Let me try to explain. Dalal's sister Rashida said, "The objective was not to kill civilians, but to reach the Knesset and demand the release of Palestinian prisoners." (source: wikipedia). If that's true, their goal was a military target (as you claim it was in Irgun's King David Hotel case). But in the end there were many innocent civilians killed (like in King David Hotel bombing). What's more, Rashida al-Mughrabi, interviewed about her sister's participation in the attack, also said: "The Israelis are the ones who forced her to carry out the attack because they expelled us and stole our lands. They caused us a great injustice by turning us into a nation of refugees, and, if it weren't for the occupation, Dalal would never have carried out the attack. ..." (source: wikipedia).
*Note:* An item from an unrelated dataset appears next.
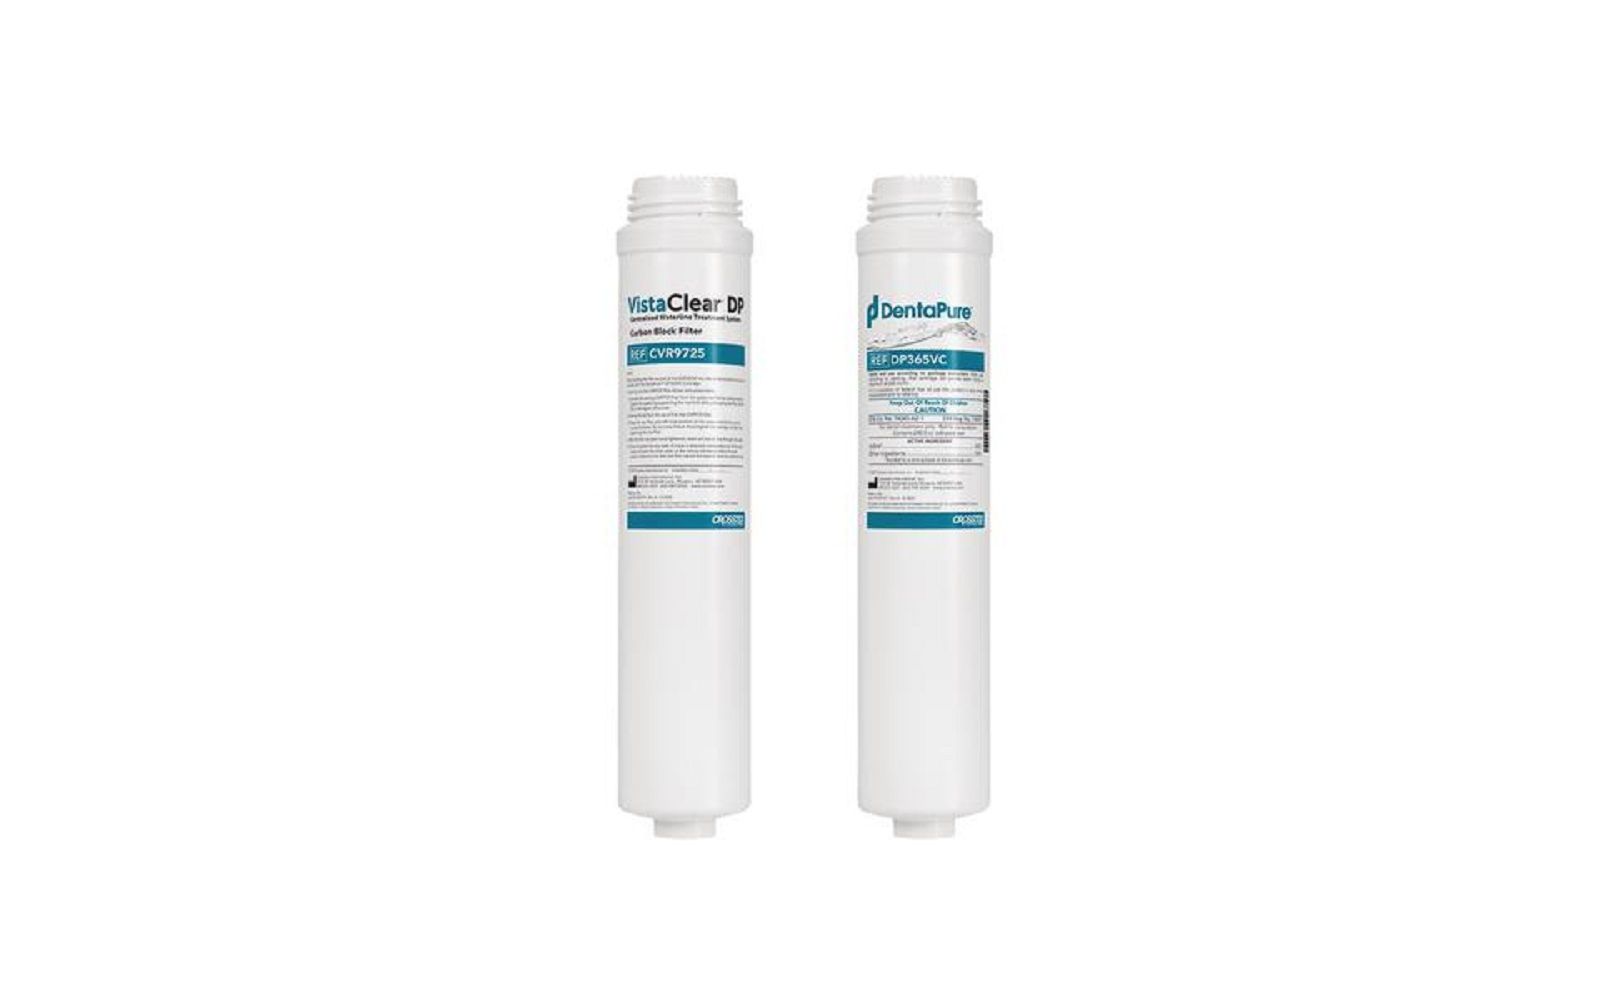 Annual replacement kit for vistaclear™ dp centralized waterline treatment system

So for Palestinians Dalal was not a terrorist, but "a fighter who fought for the liberation of her own land." (source: wikipedia)
Sounds similar to Netanyahu's words when he spoke about Irgun and their actions. He praises them as heros. Now ask Britains about Irgun. They'll tell you a different story.
I'm sorry but I have to repeat myself: even if Britains had been warned, this does NOT absolve those who planted the bomb from responsibility for the deaths. Remember, Irgun and the Stern gang were regarded as terrorists and yet their terrorism resulted in the creation of the state of Israel. Which leads us to the old saying "One man's terrorist is another man's freedom fighter". So true.